» **Work instructions**: The answer must be every record below, repeated exactly.

Start of Input

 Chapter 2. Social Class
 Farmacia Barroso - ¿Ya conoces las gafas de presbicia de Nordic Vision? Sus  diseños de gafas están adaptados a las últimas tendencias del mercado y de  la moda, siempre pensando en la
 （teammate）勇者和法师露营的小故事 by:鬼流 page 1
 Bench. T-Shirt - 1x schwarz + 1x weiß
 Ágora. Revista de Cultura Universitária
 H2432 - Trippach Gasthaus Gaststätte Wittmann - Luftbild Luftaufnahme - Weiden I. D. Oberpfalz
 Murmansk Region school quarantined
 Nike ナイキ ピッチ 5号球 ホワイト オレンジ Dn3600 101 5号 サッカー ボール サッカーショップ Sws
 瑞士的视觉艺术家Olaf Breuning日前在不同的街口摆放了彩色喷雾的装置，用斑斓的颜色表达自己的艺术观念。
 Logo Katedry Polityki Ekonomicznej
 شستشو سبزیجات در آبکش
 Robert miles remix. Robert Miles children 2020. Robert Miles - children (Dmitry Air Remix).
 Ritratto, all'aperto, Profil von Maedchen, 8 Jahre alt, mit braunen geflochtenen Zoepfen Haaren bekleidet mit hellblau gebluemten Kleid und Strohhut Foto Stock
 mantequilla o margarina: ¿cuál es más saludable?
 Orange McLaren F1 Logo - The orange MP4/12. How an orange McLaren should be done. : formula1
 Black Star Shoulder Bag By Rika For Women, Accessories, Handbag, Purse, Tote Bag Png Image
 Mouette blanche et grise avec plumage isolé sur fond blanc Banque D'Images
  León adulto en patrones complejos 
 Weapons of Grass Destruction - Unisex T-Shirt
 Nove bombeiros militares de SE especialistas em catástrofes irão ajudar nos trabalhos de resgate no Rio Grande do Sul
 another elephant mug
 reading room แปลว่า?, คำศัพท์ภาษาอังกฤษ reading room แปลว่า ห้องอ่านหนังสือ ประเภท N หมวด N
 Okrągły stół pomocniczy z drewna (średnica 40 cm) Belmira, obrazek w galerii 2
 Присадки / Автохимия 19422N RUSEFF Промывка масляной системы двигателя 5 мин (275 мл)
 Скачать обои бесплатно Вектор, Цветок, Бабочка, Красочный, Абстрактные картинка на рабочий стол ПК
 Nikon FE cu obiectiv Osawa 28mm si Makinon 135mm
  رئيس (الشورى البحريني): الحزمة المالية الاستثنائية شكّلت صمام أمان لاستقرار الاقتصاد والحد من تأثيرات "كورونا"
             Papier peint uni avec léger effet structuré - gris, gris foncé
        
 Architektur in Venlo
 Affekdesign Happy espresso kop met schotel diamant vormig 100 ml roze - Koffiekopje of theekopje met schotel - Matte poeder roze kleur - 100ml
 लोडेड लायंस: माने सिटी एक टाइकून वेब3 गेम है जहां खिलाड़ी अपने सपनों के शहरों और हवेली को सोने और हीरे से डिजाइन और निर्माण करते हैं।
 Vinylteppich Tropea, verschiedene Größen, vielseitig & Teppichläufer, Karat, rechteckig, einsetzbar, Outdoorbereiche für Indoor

End of Input

» **Task output**:
 Chapter 2. Social Class
 Farmacia Barroso - ¿Ya conoces las gafas de presbicia de Nordic Vision? Sus  diseños de gafas están adaptados a las últimas tendencias del mercado y de  la moda, siempre pensando en la
 （teammate）勇者和法师露营的小故事 by:鬼流 page 1
 Bench. T-Shirt - 1x schwarz + 1x weiß
 Ágora. Revista de Cultura Universitária
 H2432 - Trippach Gasthaus Gaststätte Wittmann - Luftbild Luftaufnahme - Weiden I. D. Oberpfalz
 Murmansk Region school quarantined
 Nike ナイキ ピッチ 5号球 ホワイト オレンジ Dn3600 101 5号 サッカー ボール サッカーショップ Sws
 瑞士的视觉艺术家Olaf Breuning日前在不同的街口摆放了彩色喷雾的装置，用斑斓的颜色表达自己的艺术观念。
 Logo Katedry Polityki Ekonomicznej
 شستشو سبزیجات در آبکش
 Robert miles remix. Robert Miles children 2020. Robert Miles - children (Dmitry Air Remix).
 Ritratto, all'aperto, Profil von Maedchen, 8 Jahre alt, mit braunen geflochtenen Zoepfen Haaren bekleidet mit hellblau gebluemten Kleid und Strohhut Foto Stock
 mantequilla o margarina: ¿cuál es más saludable?
 Orange McLaren F1 Logo - The orange MP4/12. How an orange McLaren should be done. : formula1
 Black Star Shoulder Bag By Rika For Women, Accessories, Handbag, Purse, Tote Bag Png Image
 Mouette blanche et grise avec plumage isolé sur fond blanc Banque D'Images
  León adulto en patrones complejos 
 Weapons of Grass Destruction - Unisex T-Shirt
 Nove bombeiros militares de SE especialistas em catástrofes irão ajudar nos trabalhos de resgate no Rio Grande do Sul
 another elephant mug
 reading room แปลว่า?, คำศัพท์ภาษาอังกฤษ reading room แปลว่า ห้องอ่านหนังสือ ประเภท N หมวด N
 Okrągły stół pomocniczy z drewna (średnica 40 cm) Belmira, obrazek w galerii 2
 Присадки / Автохимия 19422N RUSEFF Промывка масляной системы двигателя 5 мин (275 мл)
 Скачать обои бесплатно Вектор, Цветок, Бабочка, Красочный, Абстрактные картинка на рабочий стол ПК
 Nikon FE cu obiectiv Osawa 28mm si Makinon 135mm
  رئيس (الشورى البحريني): الحزمة المالية الاستثنائية شكّلت صمام أمان لاستقرار الاقتصاد والحد من تأثيرات "كورونا"
             Papier peint uni avec léger effet structuré - gris, gris foncé
        
 Architektur in Venlo
 Affekdesign Happy espresso kop met schotel diamant vormig 100 ml roze - Koffiekopje of theekopje met schotel - Matte poeder roze kleur - 100ml
 लोडेड लायंस: माने सिटी एक टाइकून वेब3 गेम है जहां खिलाड़ी अपने सपनों के शहरों और हवेली को सोने और हीरे से डिजाइन और निर्माण करते हैं।
 Vinylteppich Tropea, verschiedene Größen, vielseitig & Teppichläufer, Karat, rechteckig, einsetzbar, Outdoorbereiche für Indoor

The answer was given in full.